* **DESCRIPTION OF THE TASK**: Excluding pictures, reproduce word for word the lines from the one containing "Flamingo Pattern Socks" through the end of the material below.

* **PROVIDED MATERIAL**:
────────────────
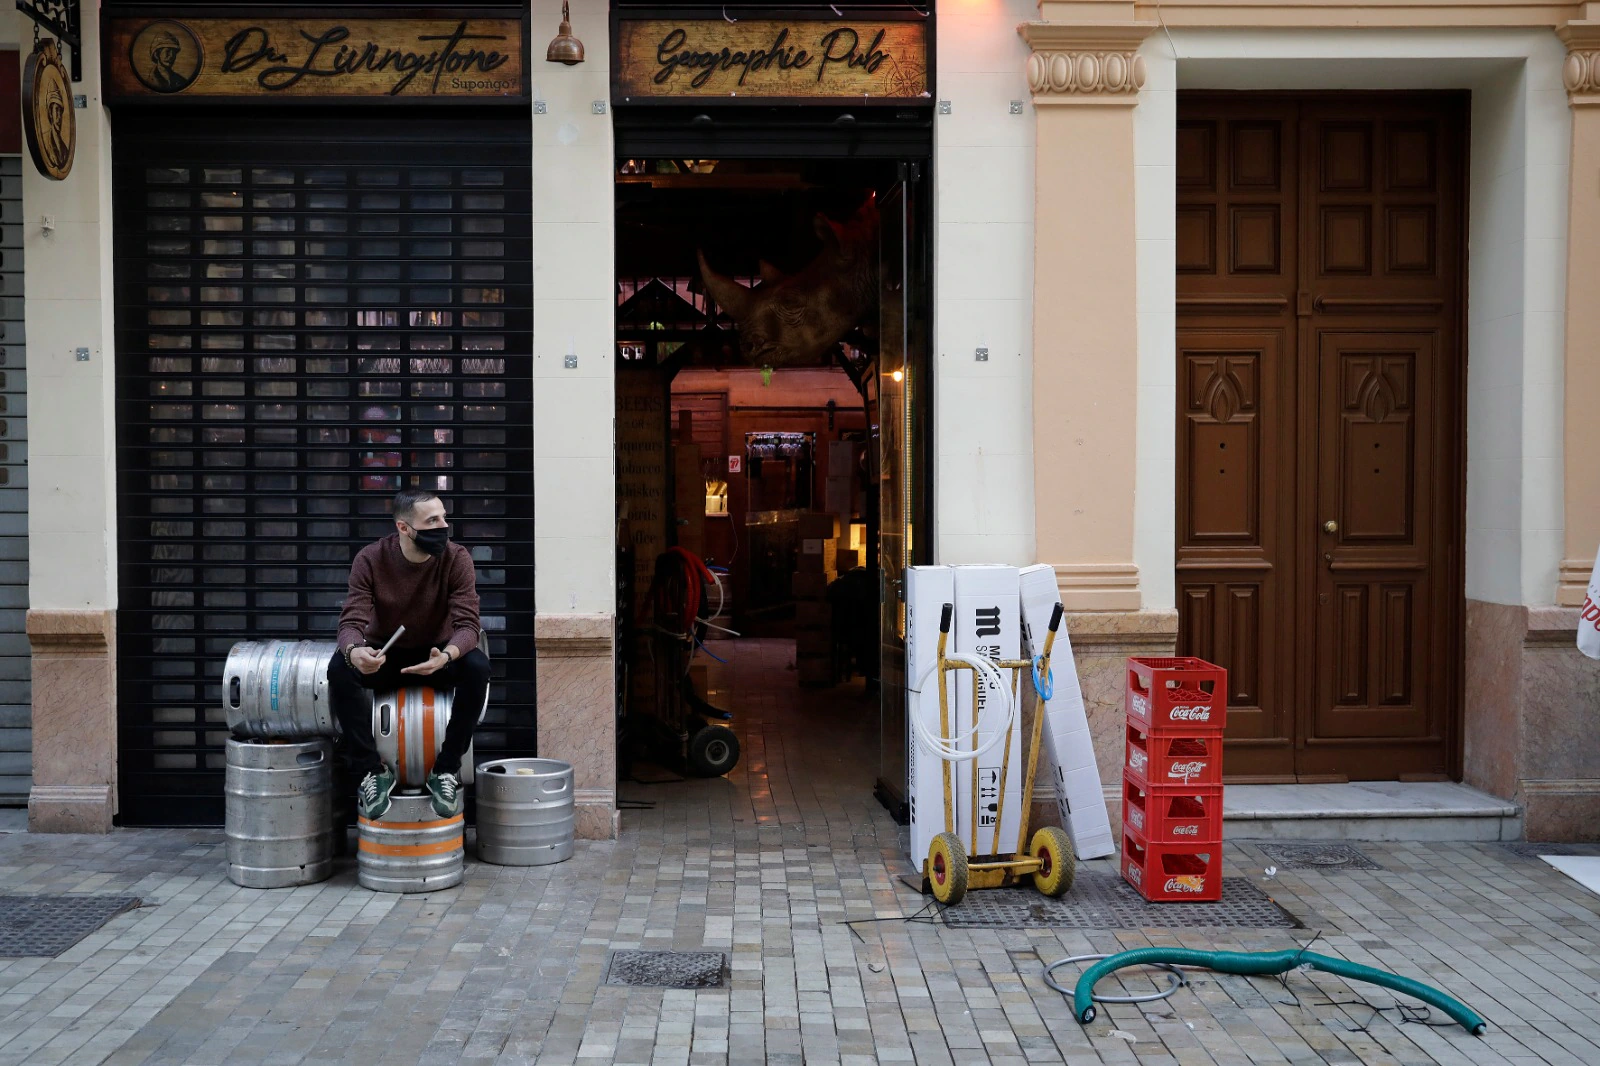 El cierre de los comercios en Málaga deja un Centro mudo y de calles vacías
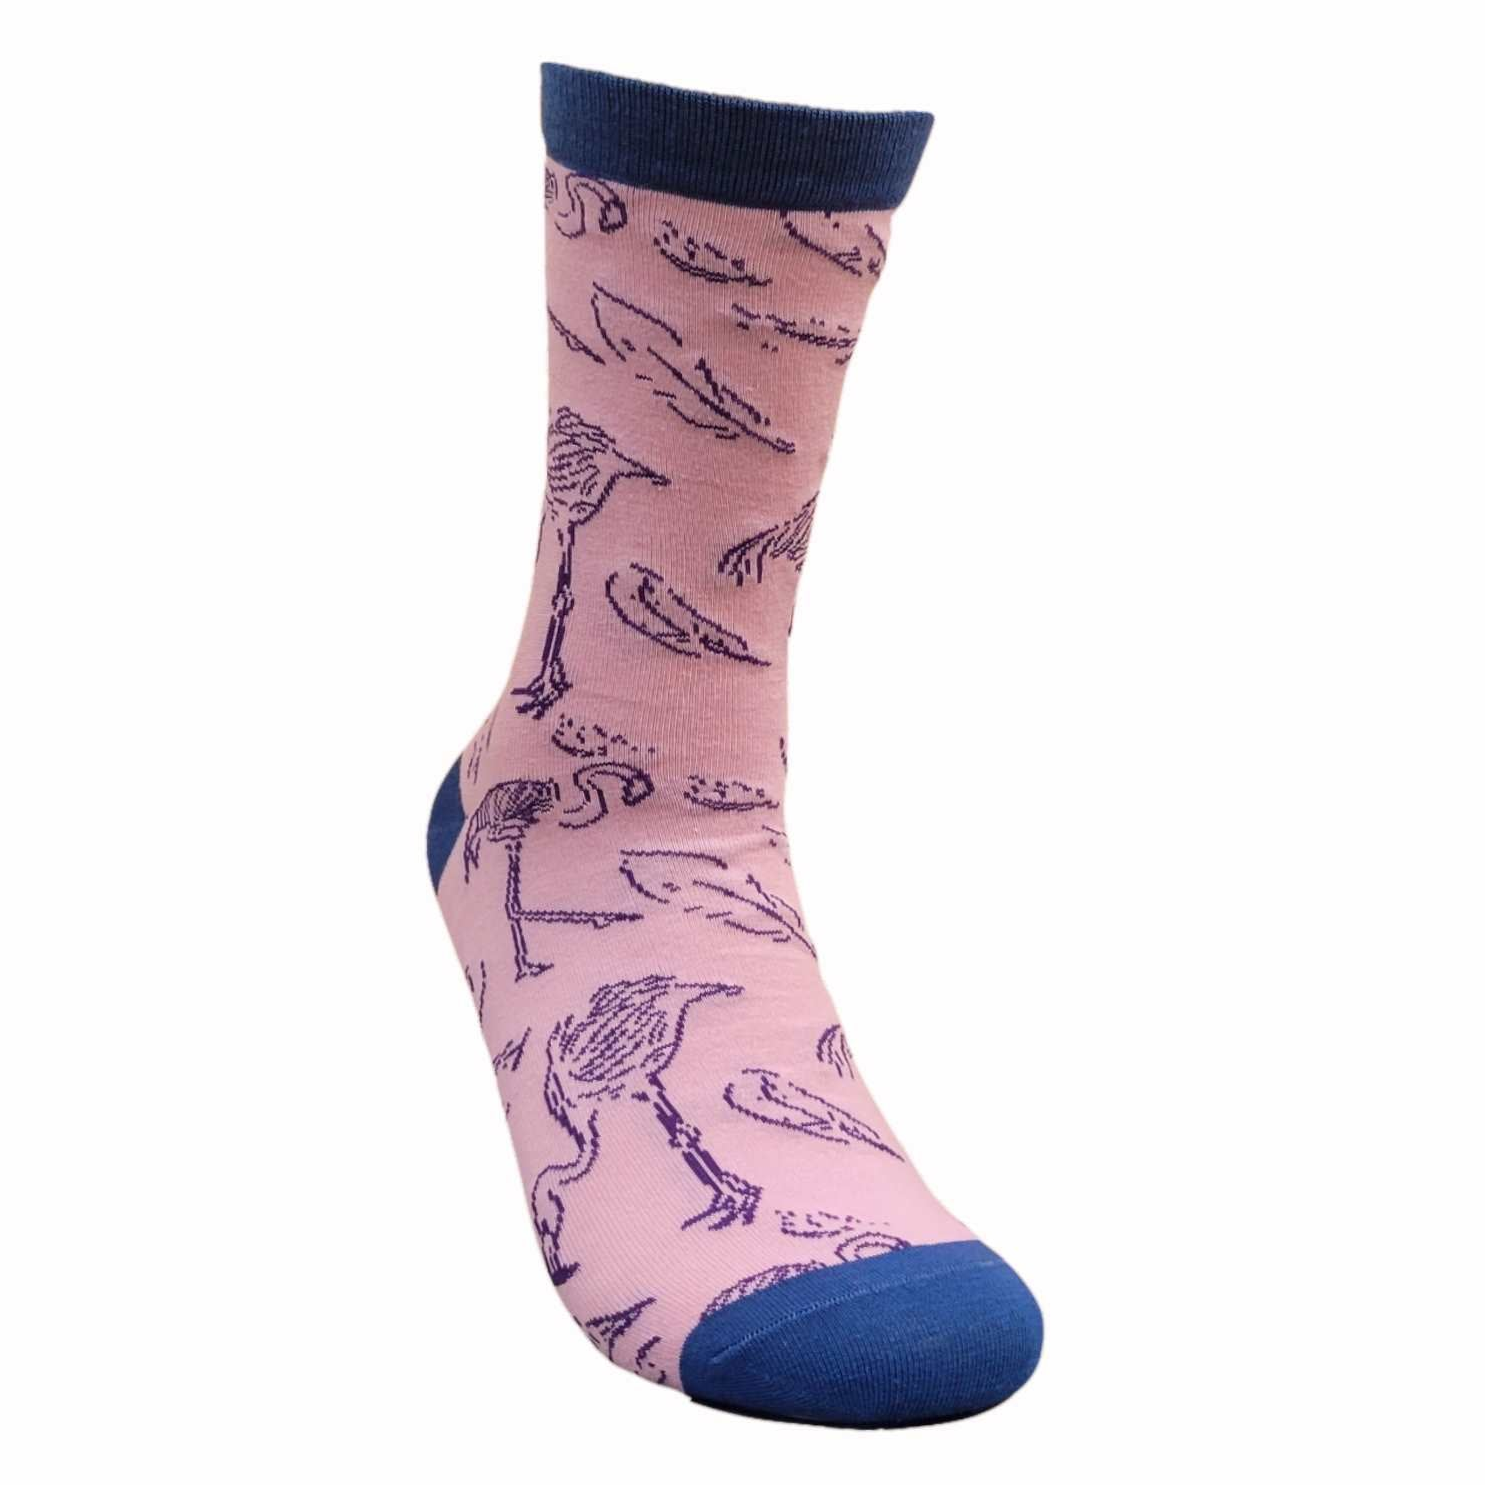 Flamingo Pattern Socks from the Sock Panda (Adult Medium)
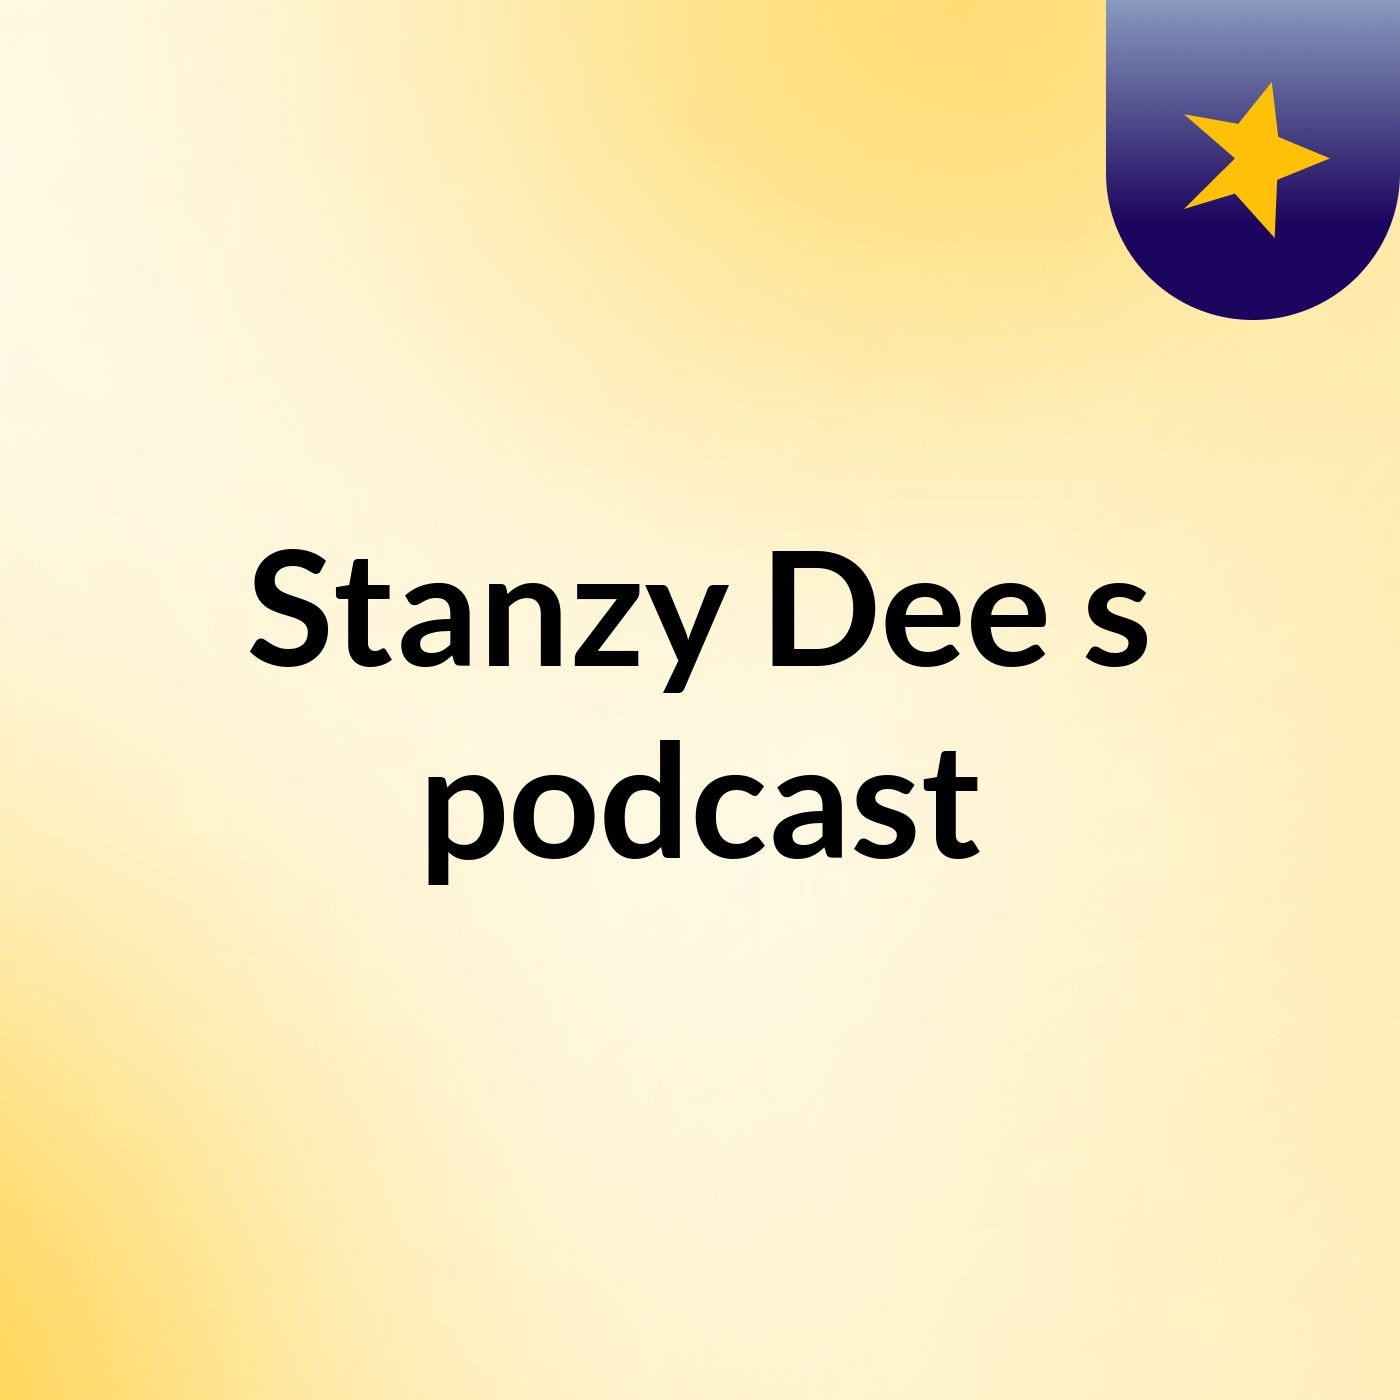 Stanzy Dee's podcast
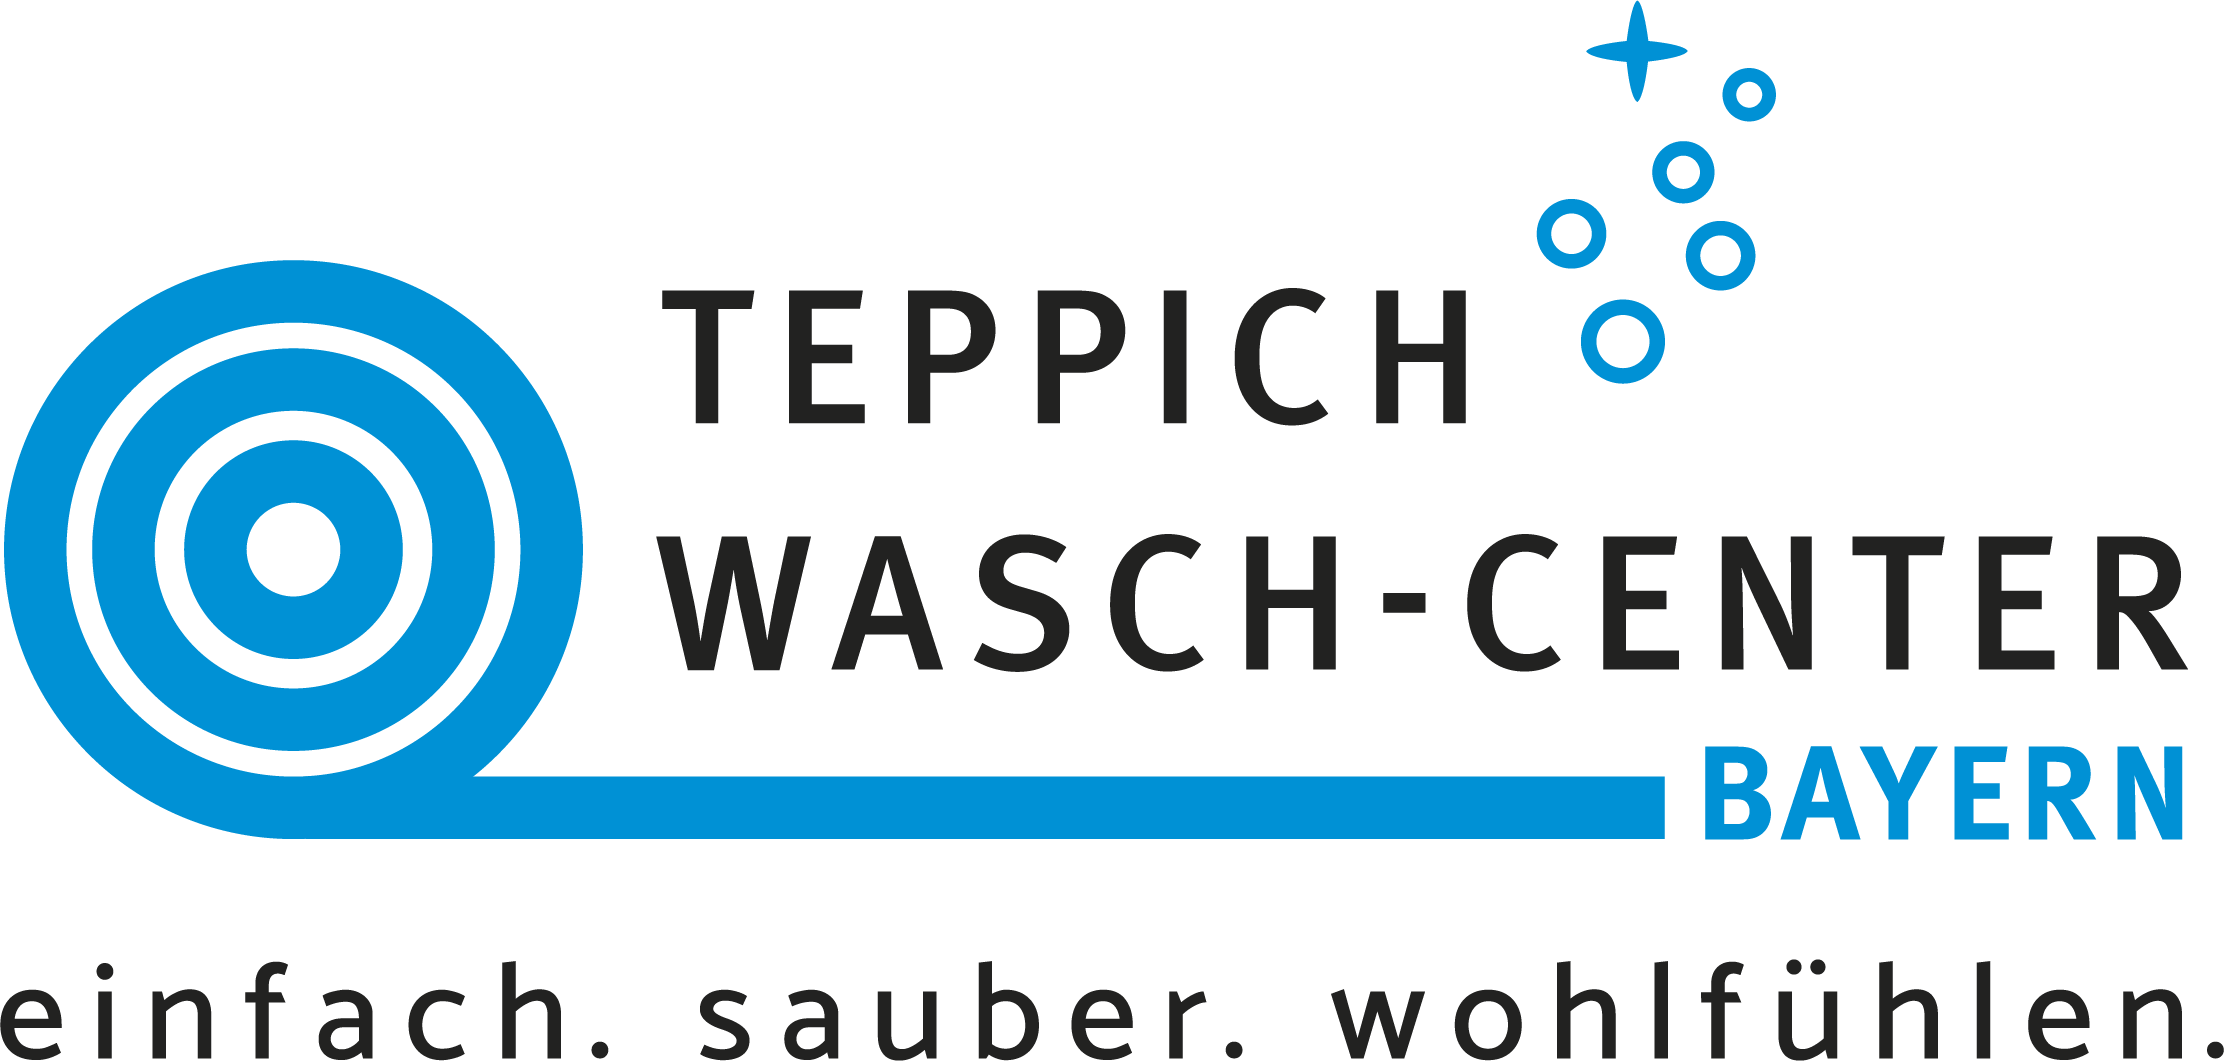 Teppichreinigung München Logo - Teppich Wasch-Center Bayern
────────────────
* **EXERCISE ANSWER**:
 Flamingo Pattern Socks from the Sock Panda (Adult Medium)
 Stanzy Dee's podcast
 Teppichreinigung München Logo - Teppich Wasch-Center Bayern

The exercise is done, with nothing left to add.